EXERCISE DESCRIPTION
Word for word, transcribe the listing that follows, minus any pictures.

RECORDED INFORMATION section start

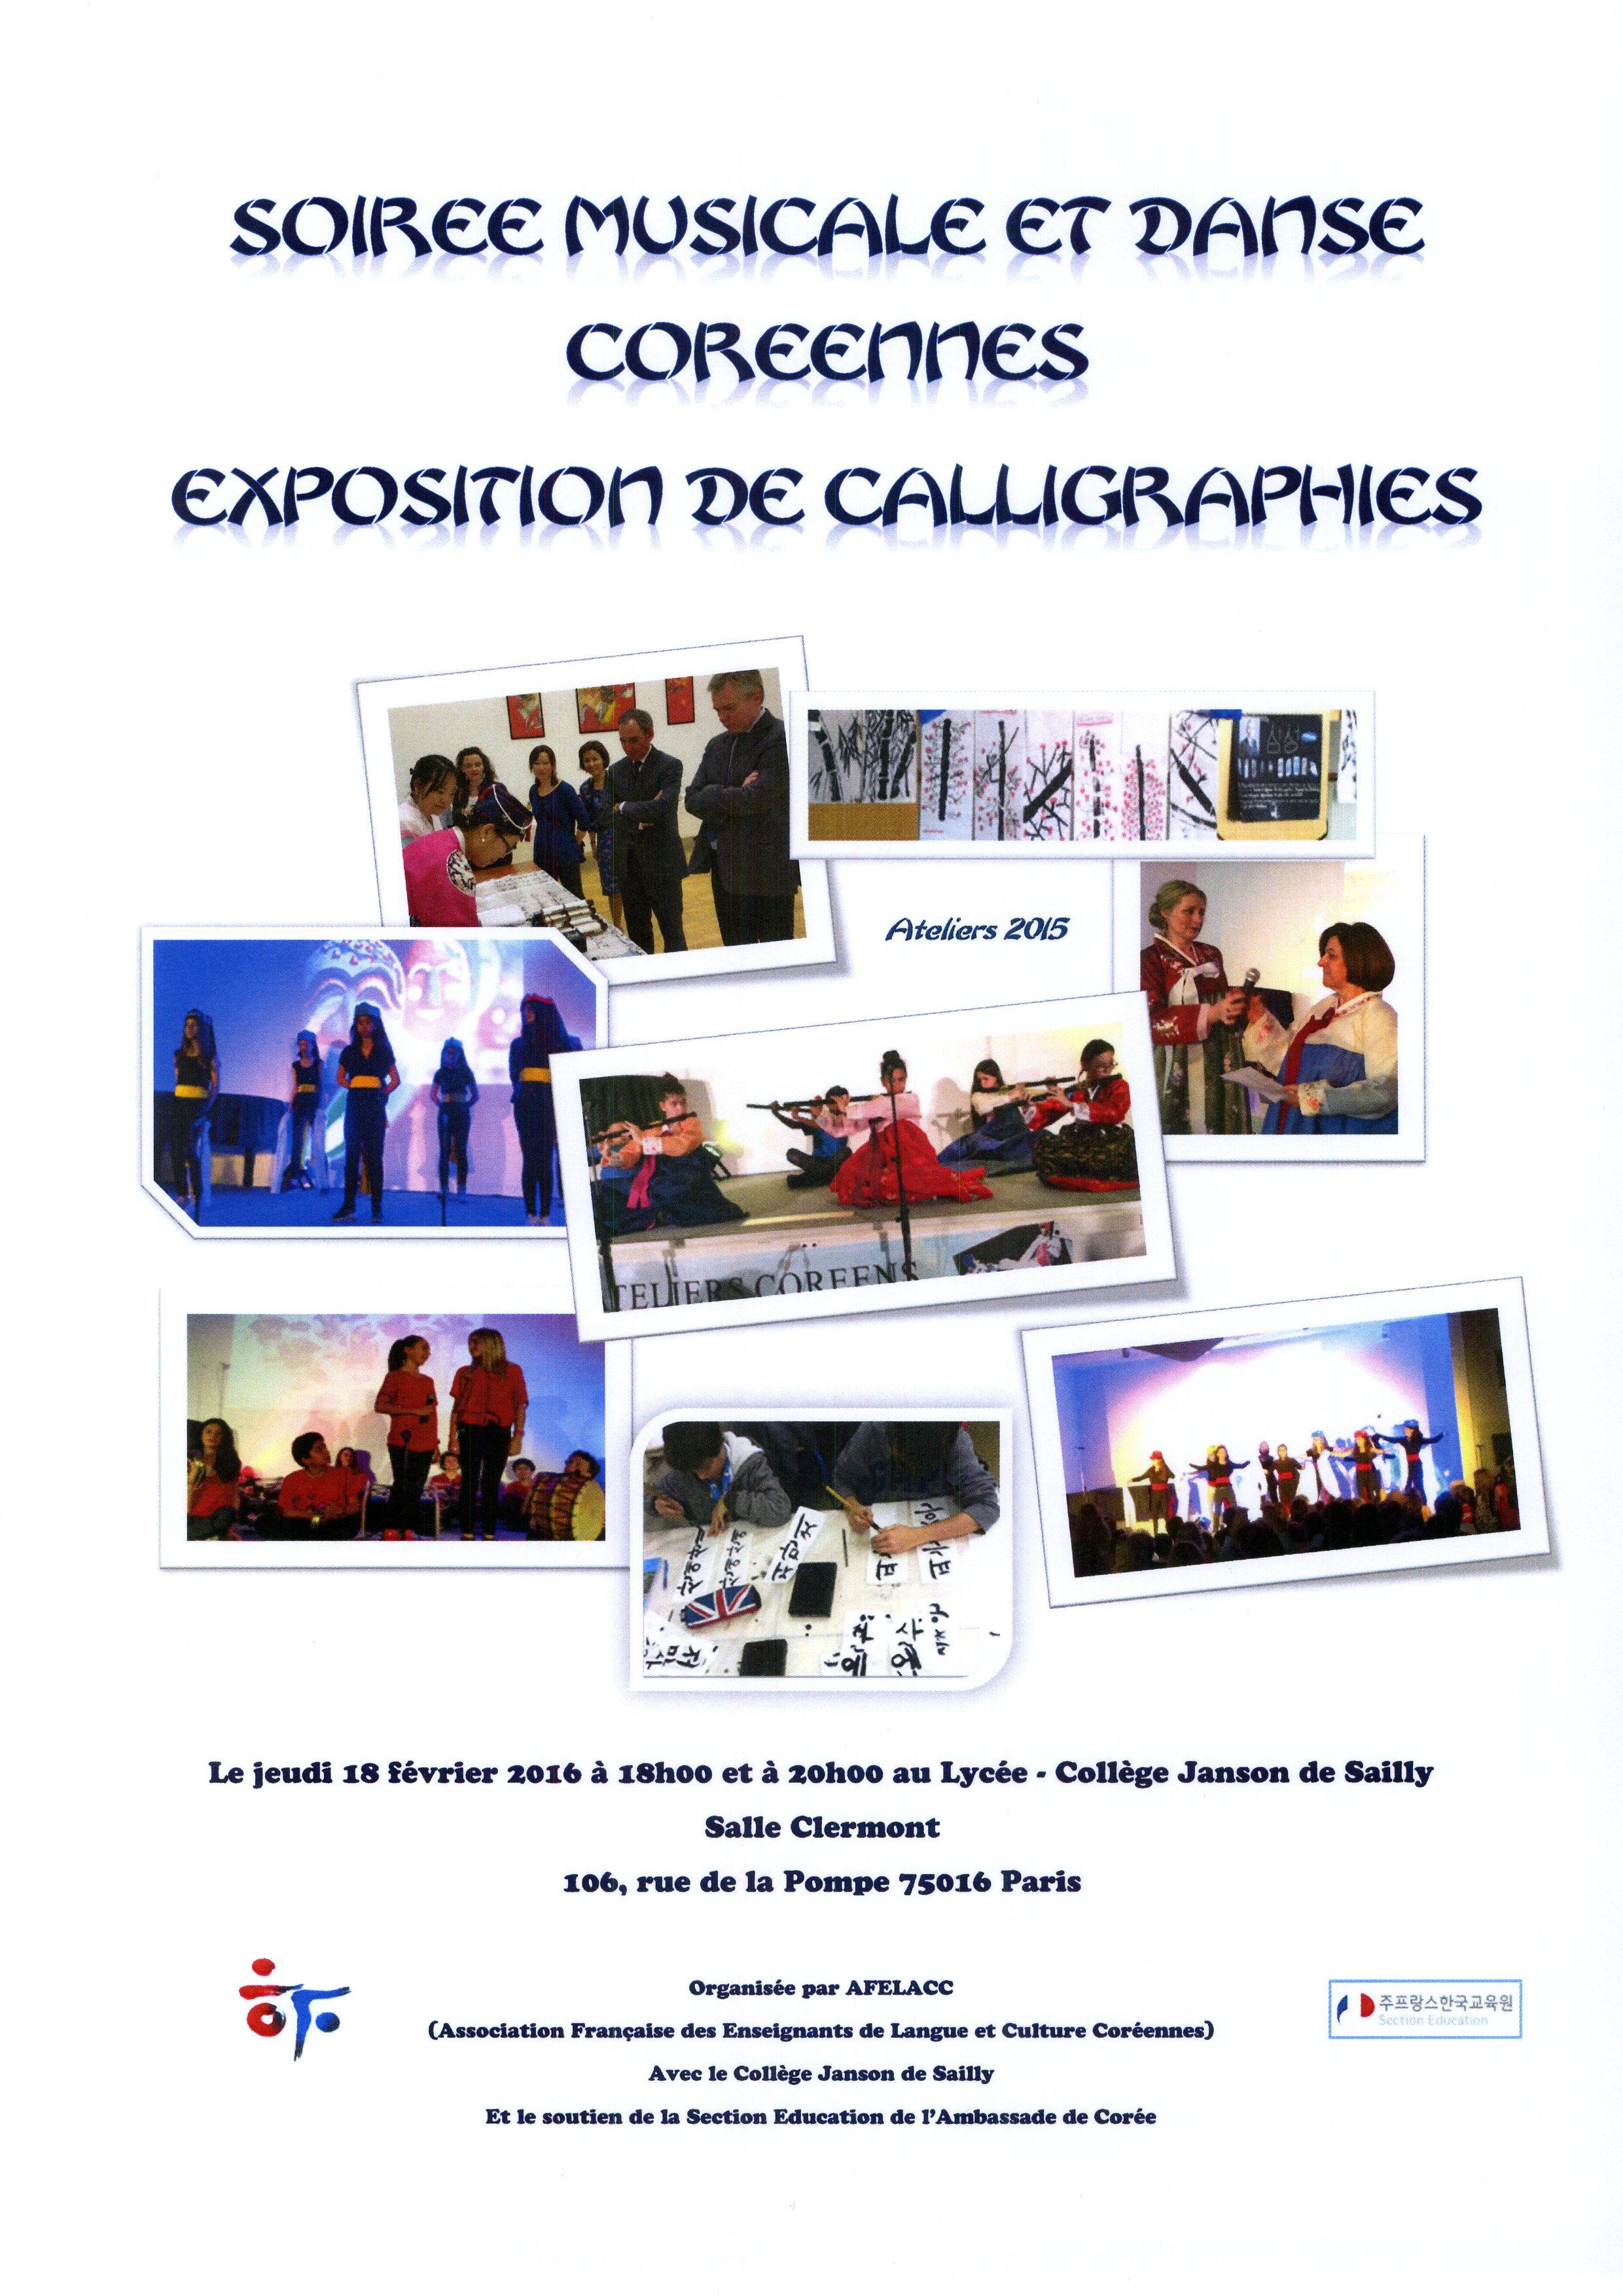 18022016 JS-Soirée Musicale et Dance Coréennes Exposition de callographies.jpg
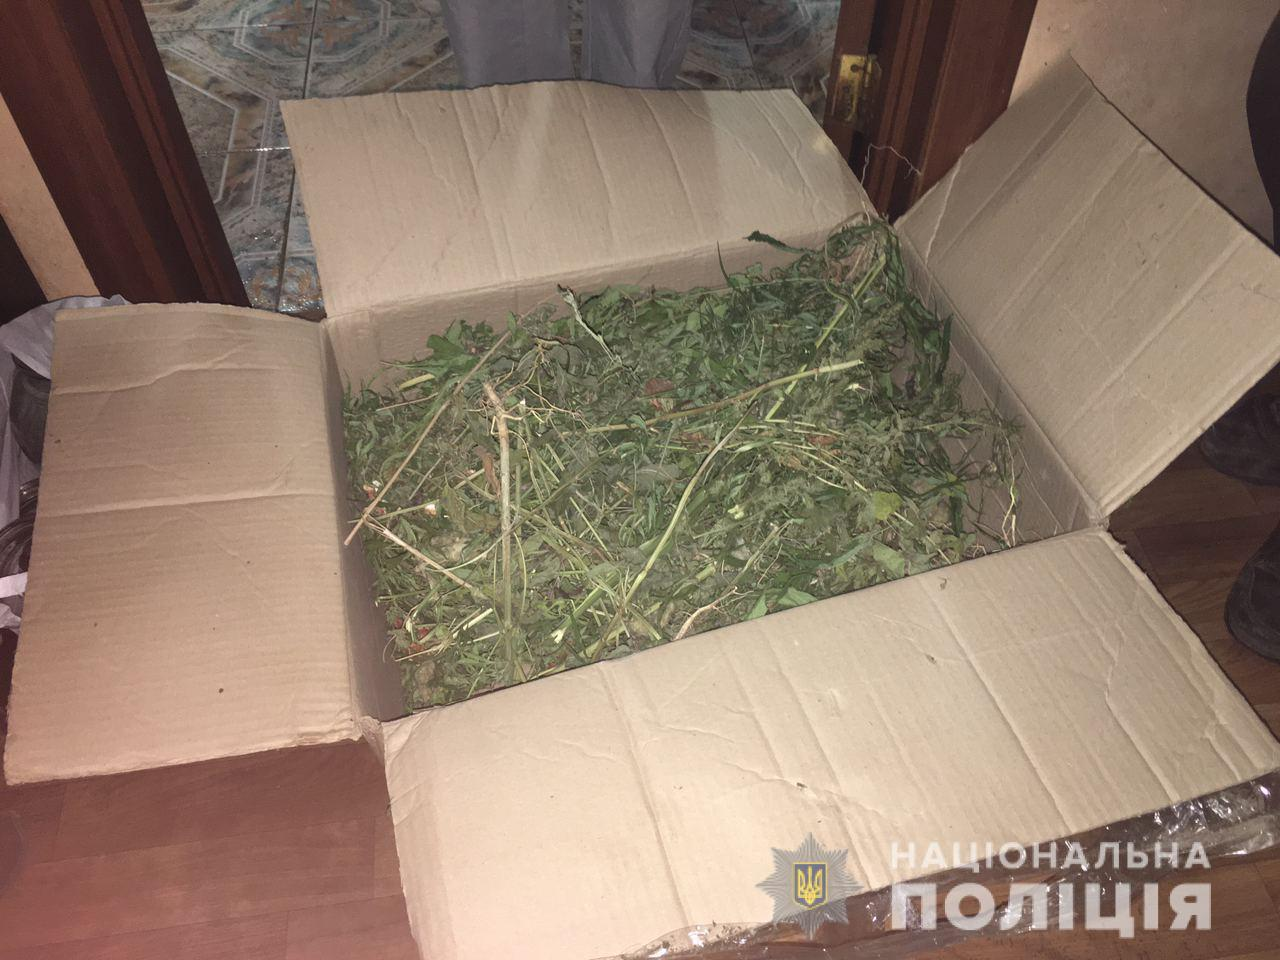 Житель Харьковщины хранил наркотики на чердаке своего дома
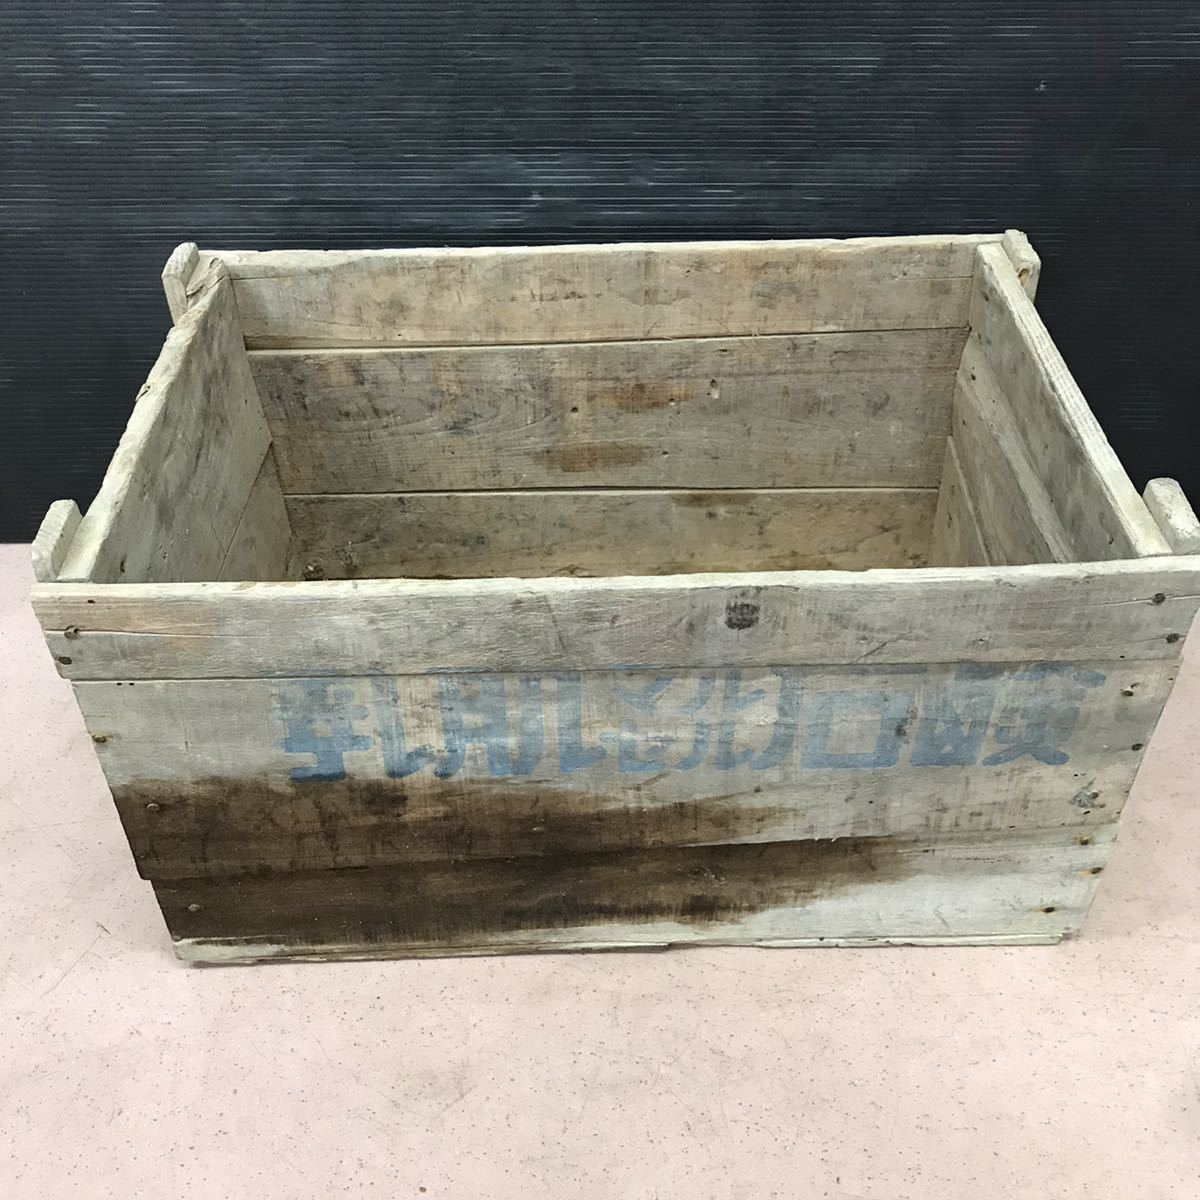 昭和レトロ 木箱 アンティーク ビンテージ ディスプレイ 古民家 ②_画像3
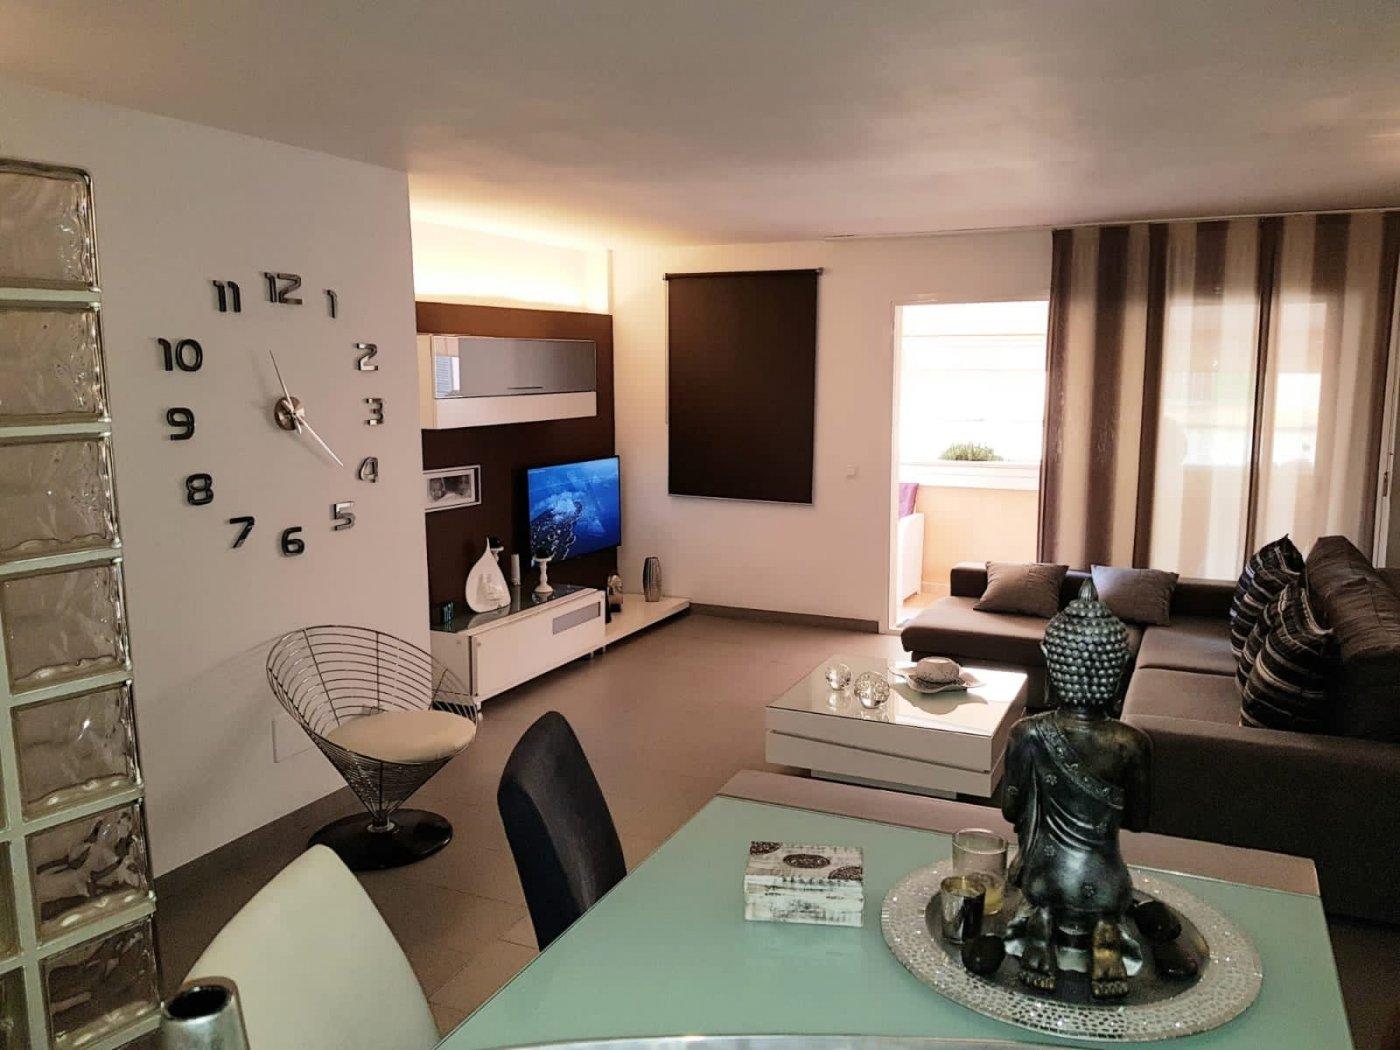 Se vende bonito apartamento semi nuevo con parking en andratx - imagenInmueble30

RECORDED INFORMATION section end

ANSWER SECTION
 18022016 JS-Soirée Musicale et Dance Coréennes Exposition de callographies.jpg
 Житель Харьковщины хранил наркотики на чердаке своего дома
 昭和レトロ 木箱 アンティーク ビンテージ ディスプレイ 古民家 ②_画像3
 Se vende bonito apartamento semi nuevo con parking en andratx - imagenInmueble30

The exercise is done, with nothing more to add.